For investors, the 3x & 20% figures I gave are not formalized terms of
payback. Instead, they are _desirable financial targets_ for the investor so
they can be considered a prestigious firm that attracts capital from more
limited partners. Slack won't be in "default" if they provide 0% return to
Softbank. However, future limited partners like university endowments or
police/firemen pensions will avoid underperforming VCs that deliver low or
negative returns. (If VCs don't perform to expecations, the market will punish
them and they will shut down.[1])

To trace the causal chain, VCs want 20%+ because your grandmother and her
pension plan investing in the VCs want 20%.

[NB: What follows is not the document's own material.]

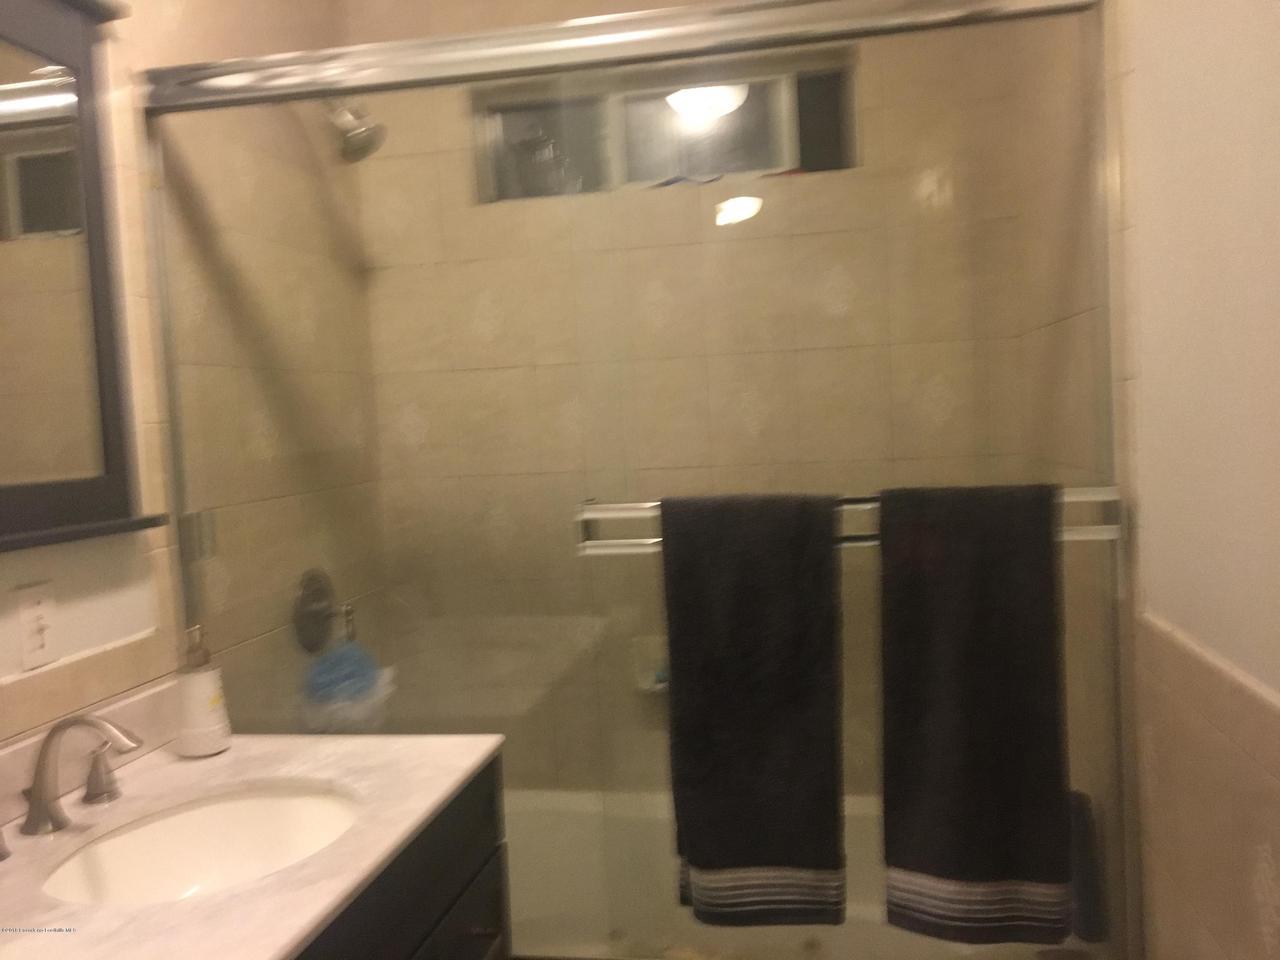 1724 NEWPORT, Pasadena, CA 91103 - C & A MASTER BATHROOM 2

[1] [http://www.businessinsider.com/death-of-venture-
capital-2011...](http://www.businessinsider.com/death-of-venture-
capital-2011-2)

------
thinbeige
OT: I am the only one who thinks Slack is overrated?

There are use cases where a group chat is important and crucial but almost
every chat product out there has a proper group chat. Even with weaker APIs
than Slack they are still ok to use. Moreover:

\- Slack is the huge distraction and greatly improves ADD

\- The admin UI is like a forest full of trees, slow, crowded, littered with
settings and options, has more pages than Wikipedia, finding the right setting
is a ten minutes task if you are not used to Slack; this is my major gripe
with Slack which drives me nuts every time

\- Why do I have to create new accounts with email verification with every new
Slack channel?

\- While people post a lot of crap on Slack (memes, gifs, jokes) important
stuff is still handled over email or respective ticketing systems; so now I
have many topics in Slack, email and Trello

\- Slack is def. good for socializing but again--every other group chat is
good enough for socializing

\- Ok there is second use case: echo chambers for token ICOs and obviously
there are many at the moment

\- As a side note: 95% of startups and SMBs use G Suite/G Mail as their mail
server which includes Google Chat which has group chat and all the features
95% of us need, which is integrated in everything (such as the address book or
search works seamlessly with chat and email messages); why aren't folks just
using this? Why the hassle of setting up another tool, setting up roles, team
members in the horrible admin pages of Slack? Just to have an ADD powerhouse
called Slack in the company? I really don't get it and if I miss something
please enlighten me, I want to understand why I need Slack

With their market share and their API they have reached a nice network effect
without a doubt. But the question is, is it a winner-takes-it-all market and
will they ever find somebody who will buy them at that valuation.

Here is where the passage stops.